Mottley adds that countries have to deal with multiple crises at the same time like COVID-19, and what she calls the “cancer of inflation”.

Mottley says the international financial system is still skewed along colonial lines and needs to be reformed. She proposes the establishment of a 5 trillion dollar Climate Trust to which any country can apply to fund projects to mitigate climate change.

“We aren’t asking that the money should come to us. We are saying do it wherever. But what must happen is that you must do it and regrettably. What we are still getting is the stand-off. It comestibles because mankind is so consumed with the geopolitics of today’s world that we are forgetting the reality of the planet on which we live. It’s sad because at the end of the day, time waits on no one and the climate equally is not waiting on anyone to minimise its impact on our living on our way of life,” says Mottley.

Mottley is calling on governments of developing countries to call with one voice for the changes that are needed. However, she also says that everyone – from big corporations to philanthropists and ordinary people can make a difference.

She says this can be done by walking more and driving less, saving water and planting your own vegetables.

“The world that we have come to know has changed upon us. And we will either decide as people of the South to be firm craftsmen of our fate and shapers of our destiny, or we will continue to be the victims as we have been for centuries,” adds Mottley.

Mottley has acknowledged that the scale of disasters is beyond the resources governments have to provide shelter to those who have, for example, lost their homes in floods such as KwaZulu-Natal experienced. She says different solutions are needed in response to disasters.
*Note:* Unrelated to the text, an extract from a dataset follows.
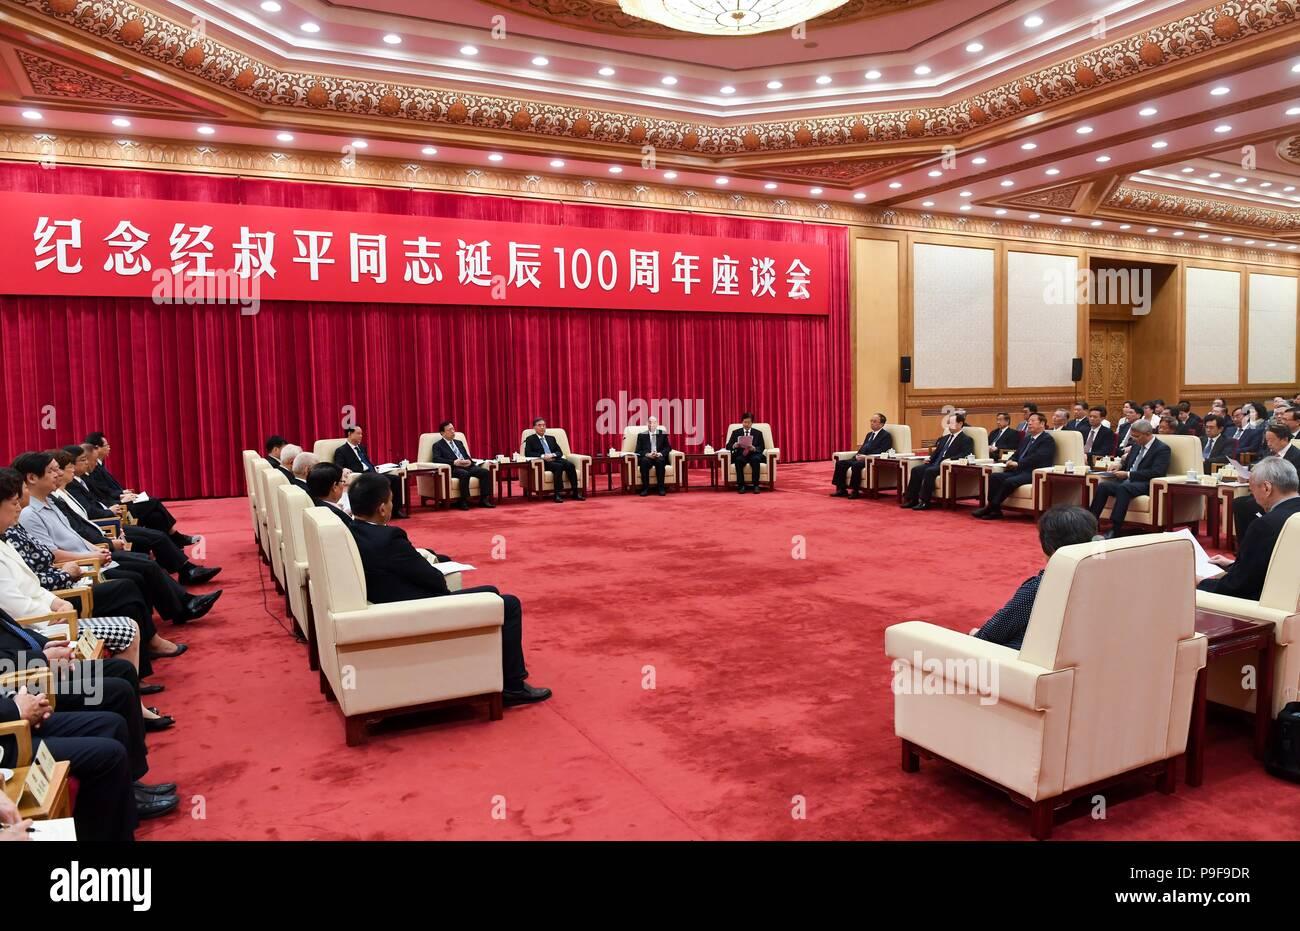 180718 Peking 18 Juli 2018 Xinhua Ein Symposium Zum 100

“But the scale of the damage is in excess of what exists. And unless you are going to get new ways of prefabricating houses it will always take time once shelter has been lost. So it is a difficult issue for countries to manage and regrettably it going to become more and more complex. But I think we are also going to have to look at prefabricated types of houses,” explains Mottley.

Clapping her hands in a call to action, the widow of former President Nelson Mandela Graca Machel thanked Mottley for her message.

“Hello, Africa! Hello, Global South. It’s time for Global South to lead. Hello! The North and South, it;s time to listen. And hello human family, we only have one planet. We don’t have two. And we have the ability to save it. And we were told how to do it. Yes,” says Machel.

After the event, Mottley was introduced to a boy Romario Valentine from Durban who wrote a book about climate change with eco-projects and green tips.

Mottley promises to put him in contact with a schoolgirl in Barbados who is also an environmental activist so that together they can change the world.